Среди установившегося грустного молчания из соседней комнаты послышались детские смех и голоса. Очевидно, между детьми происходило какое-то радостное волнение.
– Готово, готово! – послышался из-за всех радостный вопль маленькой Наташи. Пьер переглянулся с графиней Марьей и Николаем (Наташу он всегда видел) и счастливо улыбнулся.
– Вот музыка-то чудная! – сказал он.
– Это Анна Макаровна чулок кончила, – сказала графиня Марья.
– О, пойду смотреть, – вскакивая, сказал Пьер. – Ты знаешь, – сказал он, останавливаясь у двери, – отчего я особенно люблю эту музыку? – они мне первые дают знать, что все хорошо. Нынче еду: чем ближе к дому, тем больше страх. Как вошел в переднюю, слышу, заливается Андрюша о чем-то, – ну, значит, все хорошо…
– Знаю, знаю я это чувство, – подтвердил Николай. – Мне идти нельзя, ведь чулки – сюрприз мне.
Пьер вошел к детям, и хохот и крики еще более усилились. – Ну, Анна Макаровна, – слышался голос Пьера, – вот сюда, на середину, и по команде – раз, два, и когда я скажу три, ты сюда становись. Тебя на руки.

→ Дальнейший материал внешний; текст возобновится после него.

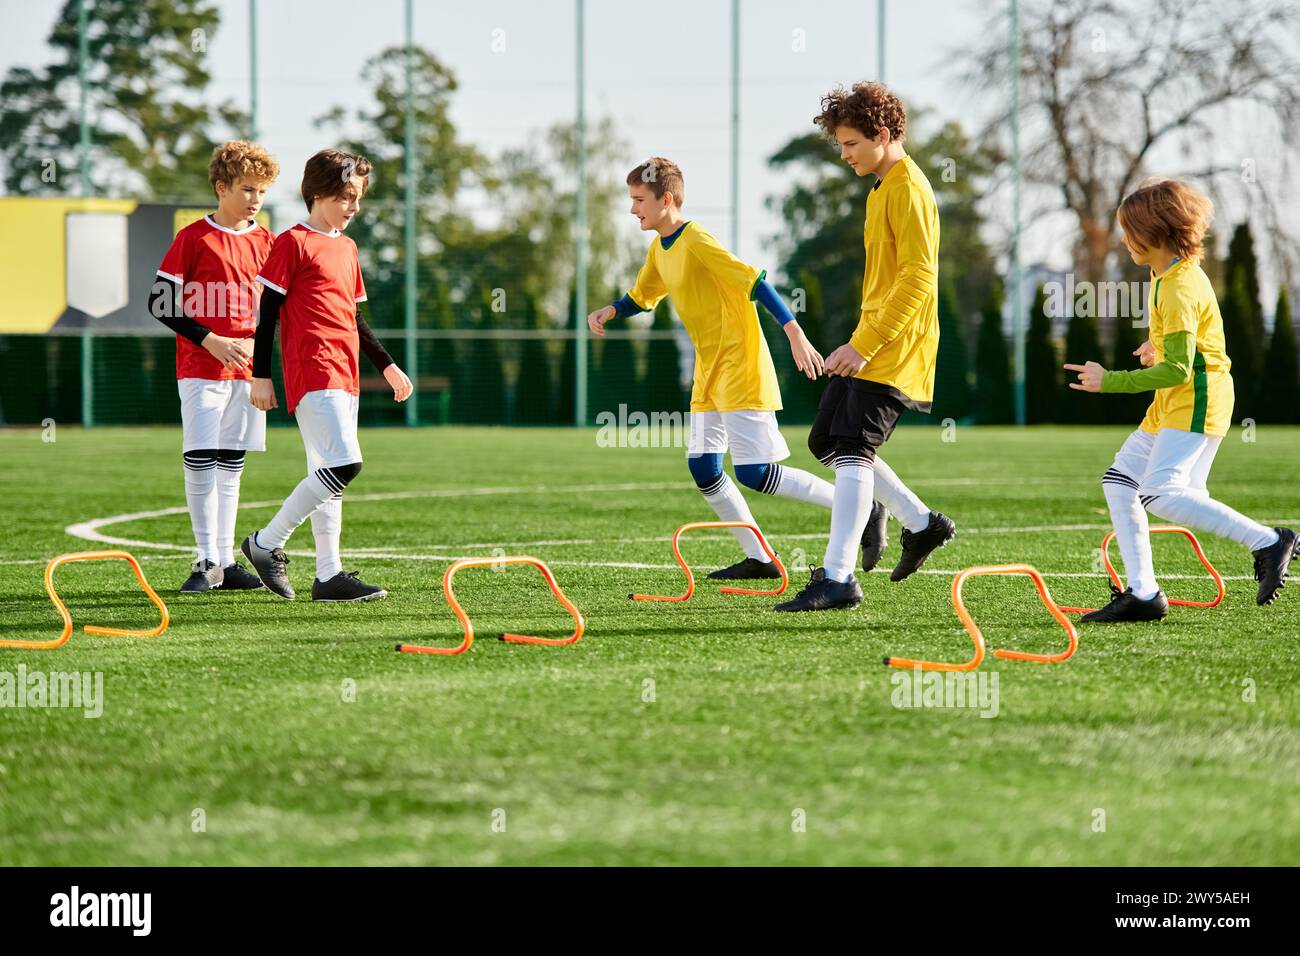 A lively group of young boys engage in a spirited game of soccer, kicking the ball across the field with enthusiasm and skill. Laughter fills the air Stock Photo

Ну, раз, два… – проговорил голос Пьера; сделалось молчание. – Три! – и восторженный стон детских голосов поднялся в комнате.
– Два, два! – кричали дети.
Это были два чулка, которые по одному ей известному секрету Анна Макаровна сразу вязала на спицах и которые она всегда торжественно при детях вынимала один из другого, когда чулок был довязан.